General-purpose char buffer used as array of structs with flexible array member

Question

You can't have arrays of structures with flexible array members.

This is the TL;DR of this question. And thinking about it, it makes perfect sense.

However, may one simulate an array of structures with flexible array member - let's call them swfam - of fixed size as below :

#include <assert.h>
#include <stdlib.h>


typedef struct {
    int foo;
    float bar[];
} swfam_t; // struct with FAM

typedef struct { // this one also has a FAM but we could have used a char array instead
    size_t size,  // element count in substruct
           count; // element count in this struct
    char data[];
} swfam_array_t;


#define sizeof_swfam(size) (sizeof(swfam_t) + (size_t)(size) * sizeof(float))
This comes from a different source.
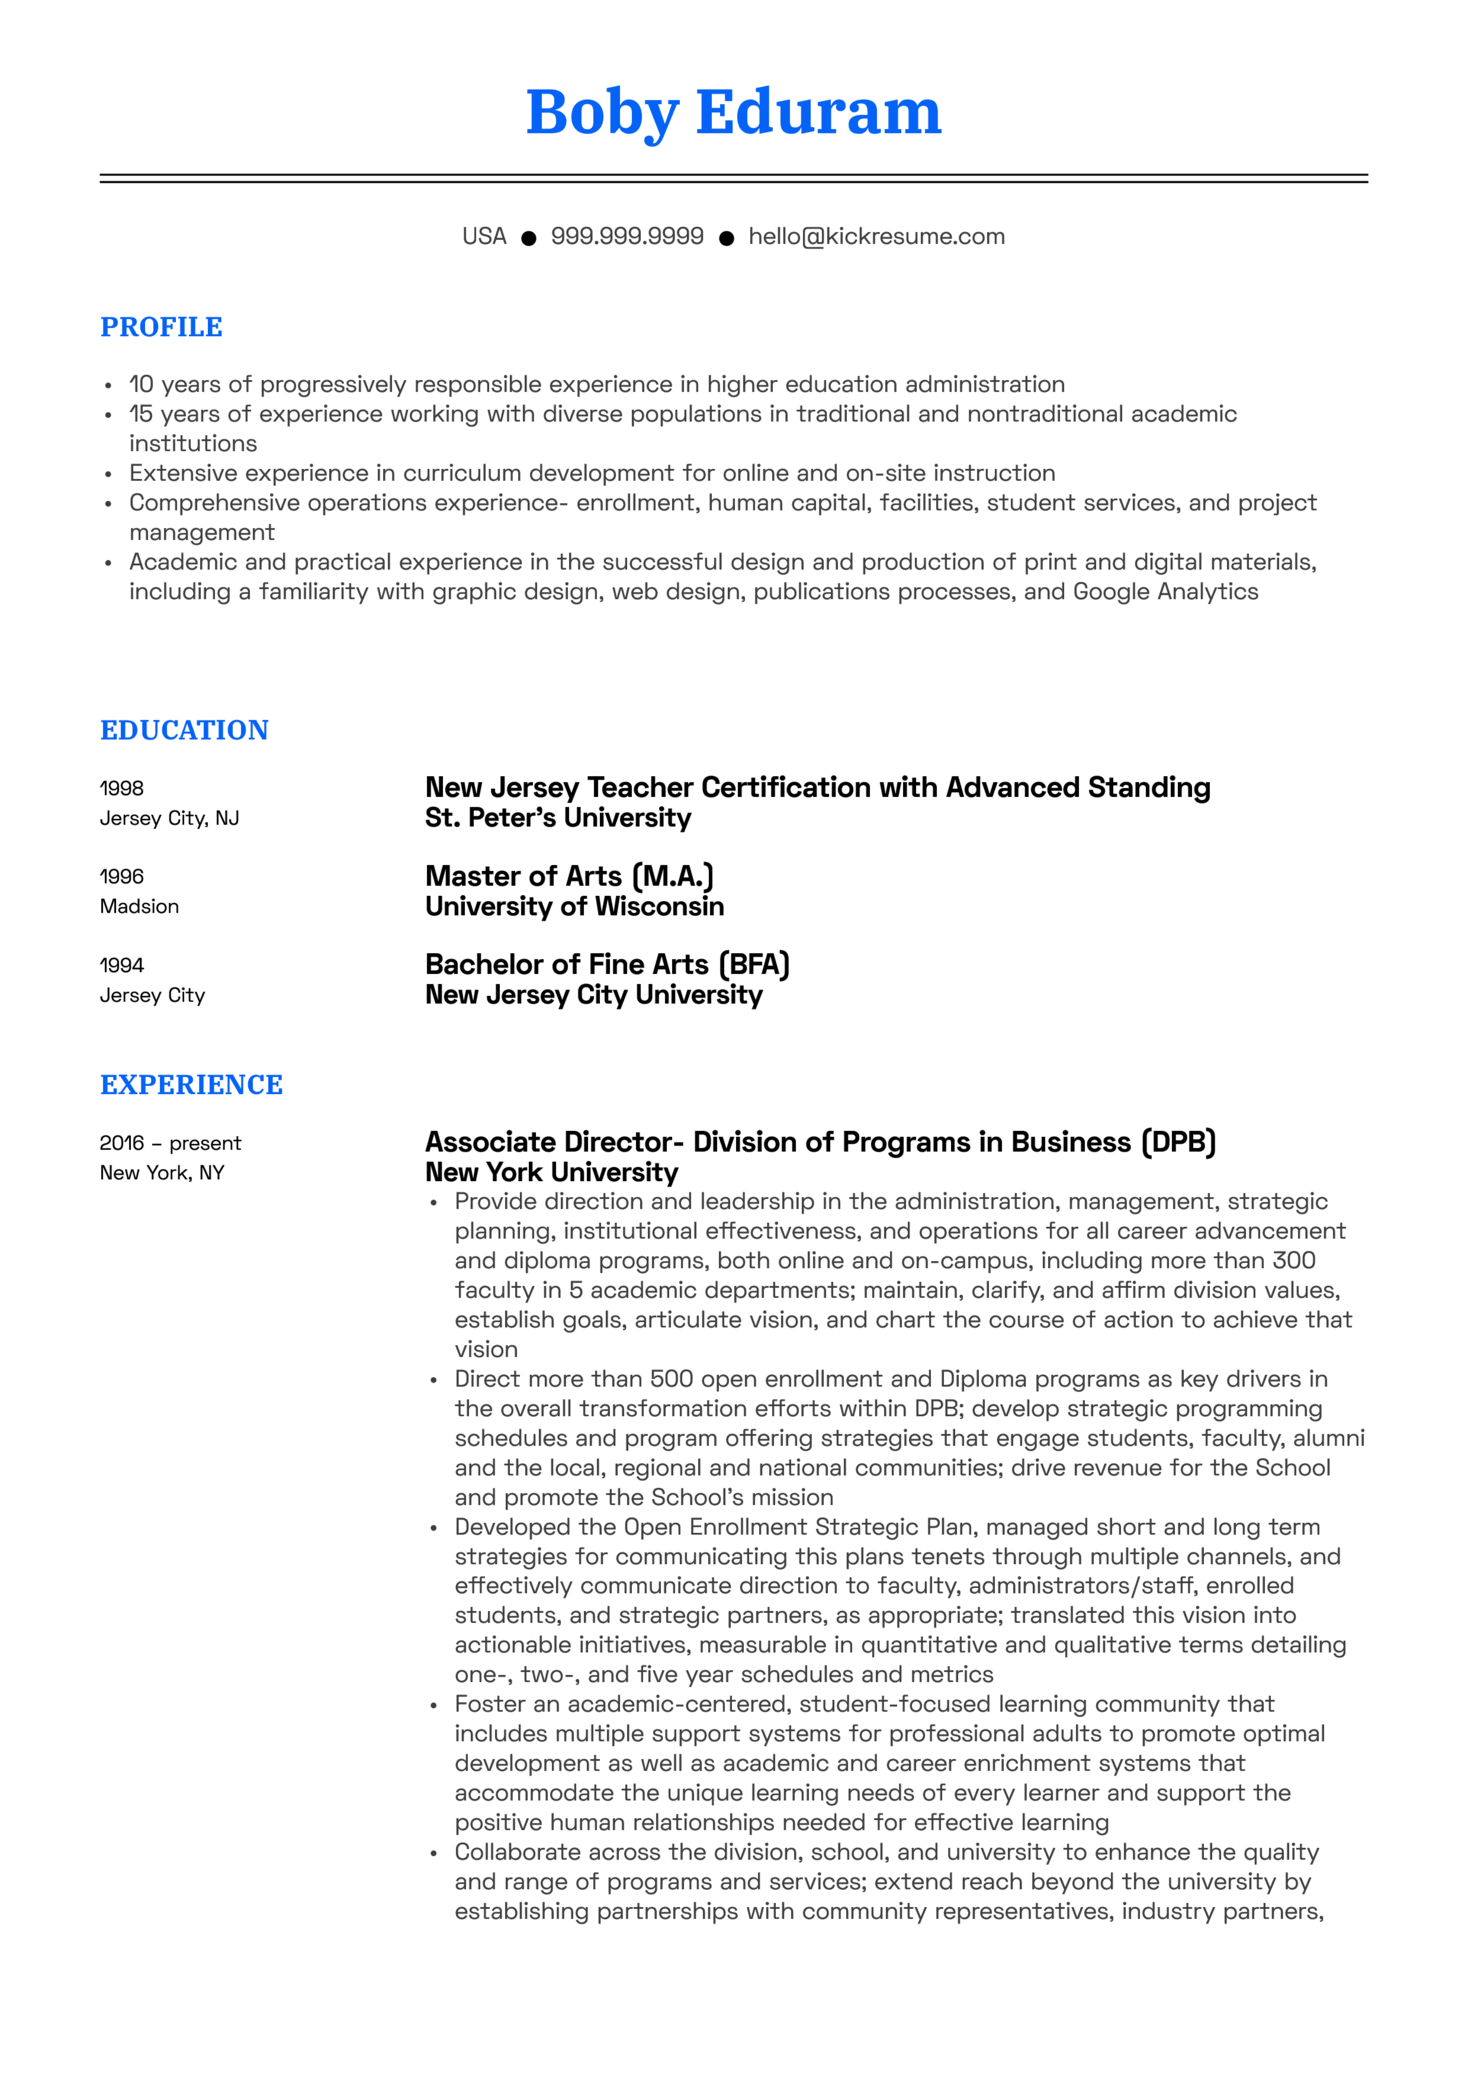 Resume example for older adults

swfam_array_t *swfam_array_alloc(size_t size, size_t count) {
    swfam_array_t *a = malloc(sizeof(swfam_array_t) + count * sizeof_swfam(size));

    if (a) {
        a->size = size;
        a->count = count;
    }

    return a;
}

size_t swfam_array_index(swfam_array_t *a, size_t index) {
    assert(index < a->count && "index out of bounds");
    return index * sizeof_swfam(a->size);
}

swfam_t *swfam_array_at(swfam_array_t *a, size_t index) {
    return (swfam_t *)&a->data[swfam_array_index(a, index)];
}


int main(int argc, char *argv[]) {
    swfam_array_t *a = swfam_array_alloc(100, 1000);
    assert(a && "allocation failed");

    swfam_t *s = swfam_array_at(a, 42);

    s->foo = -18; // do random stuff..
    for (int i = 0; i < 1000; ++i)
        s->bar[i] = (i * 3.141592f) / s->foo;

    free(a);
    return 0;
}

Is the trick valid C99 / C11 ? Am I lurking towards undefined behaviour ?

Answer 1

One way to do this would be to use a pointer member instead of a flexible array. You would then have to manually allocate its size via malloc() et. al. [] is typically used only when the array is initialized on declaration, which is not possible with struct, which is essentially a definition, not a declaration. The ability to immediately declare an instance of the struct type does not change the nature of the definition, it's just for convenience.

typedef struct {
    int foo;
    float* bar; } swfam_t; // struct with FAM